谈谈方法:语言的枷锁与理性的河流

上篇:固定的语言,囚禁的思维 人类文明的一个根本悖论在于:我们用以思考的工具——语言——本身却可能成为思考的障碍。当我们习惯于用既定的词汇、概念和语法结构来把握世界时,语言的固定性便悄然地为理性活动划定了边界,甚至塑造了我们对理性本身的误解。海德格尔说,“语言是存在之家”——这句话的另一面,是存在也受制于语言所搭建的房间格局。 语言固定性的第一层表现,是概念的僵化。每一个词汇都承载着历史的沉淀,携带着前人经验的结晶。当我们说"正义"、“美”、“真理"这些词时,我们不仅仅在使用符号,更是在继承一整套既定的理解框架。这种继承本无可厚非,问题在于:我们往往将这些概念视为永恒不变的实体,仿佛它们具有某种超历史的固定内涵。 这种概念的固化,导致了对理性的第一重误解——认为理性追求的是对固定真理的发现。在这种观念中,理性被视为一种工具,其任务是通过形而上学的方法揭示隐藏在现象背后的永恒法则。哲学家们世世代代争论着"善"的本质、“美"的标准,仿佛这些问题都有一个终极的、不变的答案等待被发现。 然而,这种理解忽视了一个根本事实:理性本身就是一个历史性的、流动的过程。真正的理性活动并不是对既定概念的确认,而是对它们的不断质疑与超越。苏格拉底说"我知道我不知道”,展示的恰恰是理性的真正品质——不是固守现有的知识,而是保持开放与质疑的态度。牛顿的经典力学在十七世纪被视为理性与科学的典范,到了二十世纪,它不过成为相对论框架下一个有限的被包含项。所谓"终极的理性成果”,往往只是下一次超越的起跑线。 语言固定性的第二层表现,是语法结构对思维方式的制约。主谓宾的结构让我们习惯于寻找行动者与被作用者,因果关系的表达方式让我们倾向于线性的思维模式。这些语言结构虽然为交流提供了便利,却也可能限制我们对世界的理解方式。有学者指出,日语语境中主语的频繁缺位,使得其思维范式更倾向于一种"关系的场域",而非西方哲学传统中那种孤立、明确的主体性存在。当"我"在语言中隐去,关于"主体"的焦虑与责任,也随之在思维中变得模糊。 更深层的问题在于,我们往往将语言的这种结构性特征误认为是理性本身的特征——以为逻辑必须遵循某种固定的形式,推理必须按照既定的规则进行。

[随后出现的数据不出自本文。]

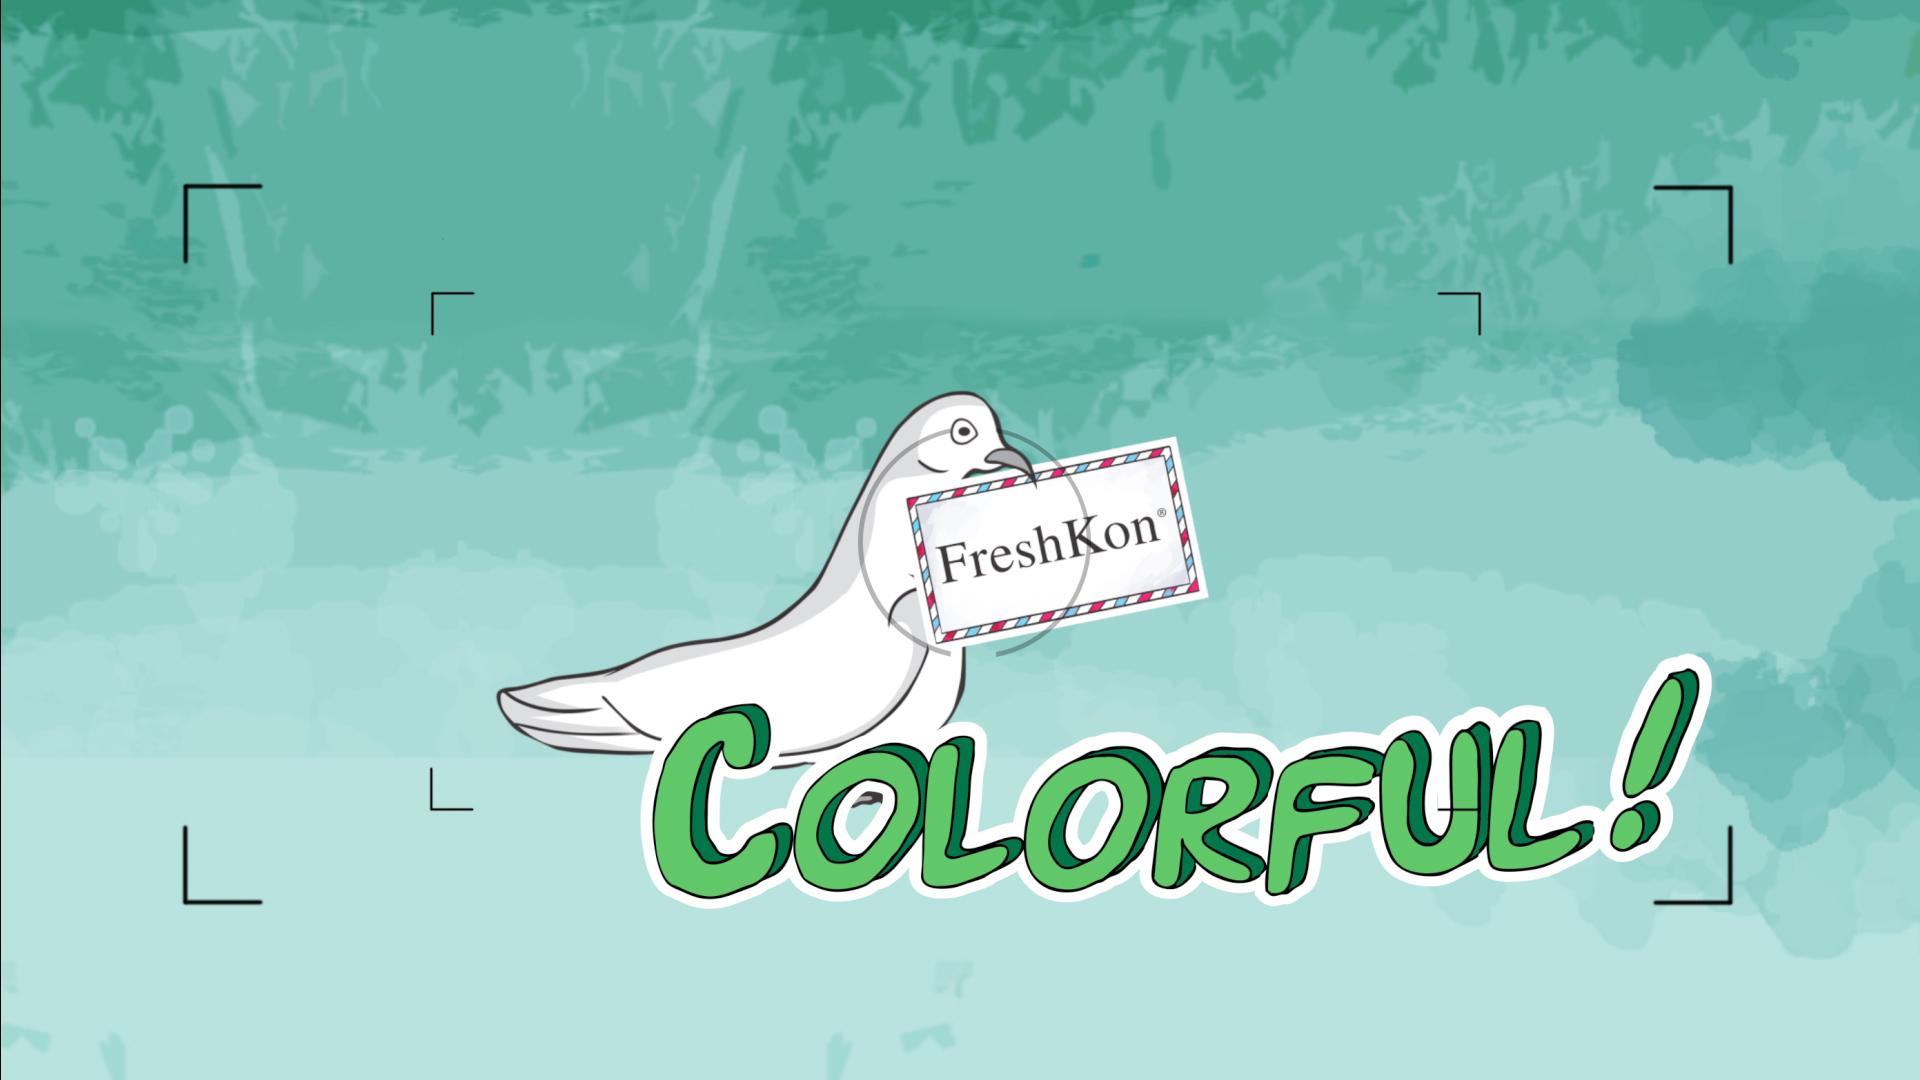 Freshkon_2015_30sec_edited_220116 (0-00-10-11)

如此一来,原本应该是工具的语言反而成了主宰,原本应该是创造性活动的理性,却被降格为对既定规则的机械应用。 下篇:固定性的双刃剑——传承与束缚的辩证统一 然而,如果仅仅停留在对语言固定性的批判上,我们便陷入了另一种片面性。事实上,语言的固定性对人类文明而言既是束缚,也是必要的基础。离开了这种相对的稳定性,理性活动将失去起点和依托。 首先,语言的固定性是文明得以传承的根本条件。正是因为概念具有相对稳定的内涵,我们才能够理解古人的思想,才能够在前人的基础上继续思考。如果每个人都要重新定义所有概念,知识的积累和文明的发展便成了不可能。柏拉图的"理念"、亚里士多德的"实体"、康德的"先验",这些概念虽然在不同时代有着不同的解释,但正是它们的相对稳定性,使得哲学史成为一个连贯的对话过程,而非各说各话的噪音。 其次,语言的固定性为理性的创新提供了必要的起点。真正的创新并不是凭空产生的,而是对既有框架的超越。没有既有的概念体系,就没有超越的对象;没有固定的语言结构,就没有突破的目标。正如艺术家需要在掌握传统技法的基础上才能进行创新,思想家也需要在充分理解既有概念的前提下才能提出新的见解。 从诠释学的角度看,一个思想者的伟大洞见,在被诉诸笔端、凝固为语言的那一刻起,便已经历了某种程度的"失真",甚至与原创者的本意相去甚远。然而,我们依然必须拥抱这些被固定下来的、残缺的理论,原因根植于人作为存在者的根本局限——个体的生命时间是有限的,若无前人智慧的引路,单凭一人之力去摸索"洞穴之喻"式的真理,或许就要耗费一生。因此,前人的作品虽有瑕疵,却构成了一个思想的"跳台":它们替我们完成了初步理论积累的繁琐重任,使我们得以站在历史的肩膀上,跳过漫长的摸索期,从而实现比前人更进一步的超越。 更重要的是,语言的固定性与理性的流动性之间,存在着深刻的辩证关系。理性的本质确实在于质疑和超越,但这种质疑必须有所指向,这种超越必须有所依据。当我们质疑传统概念时,我们实际上是在与历史对话;当我们超越既有框架时,我们实际上是在承认其存在的价值和意义。 因此,理性的流动性并不意味着对一切固定性的简单否定,而是意味着在继承中发展,在稳定中求变。真正的哲学思考既不是对传统的盲从,也不是对传统的简单拒斥,而是在深入理解传统的基础上,发现其内在的矛盾和局限,进而提出新的可能性。 从这个角度看,语言的固定性实际上是理性活动的催化剂。正是因为语言结构的相对僵化,才激发了思想家们寻找新的表达方式的冲动;正是因为概念内涵的相对固定,才促使哲学家们不断地重新阐释和拓展其意义。尼采的"重估一切价值"、维特根斯坦的"语言游戏"、德里达的"解构",这些革命性的思想,无不是在与传统语言的张力中产生的。 最终,我们需要认识到:人类的理性活动,就是在固定与流动、继承与创新的辩证运动中展开的。语言的固定性不是理性的敌人,而是理性得以展现其创造力的舞台。理性的任务不是要消灭所有的固定性,而是在承认其必要性的前提下,保持对它的警醒与超越。 真正的智慧,或许就在于:既不被语言的固定性所束缚,也不因理性的流动性而迷失方向。在稳定中求变,在变化中求稳,在继承中创新,在创新中传承——这,或许就是人类理性活动的永恒主题。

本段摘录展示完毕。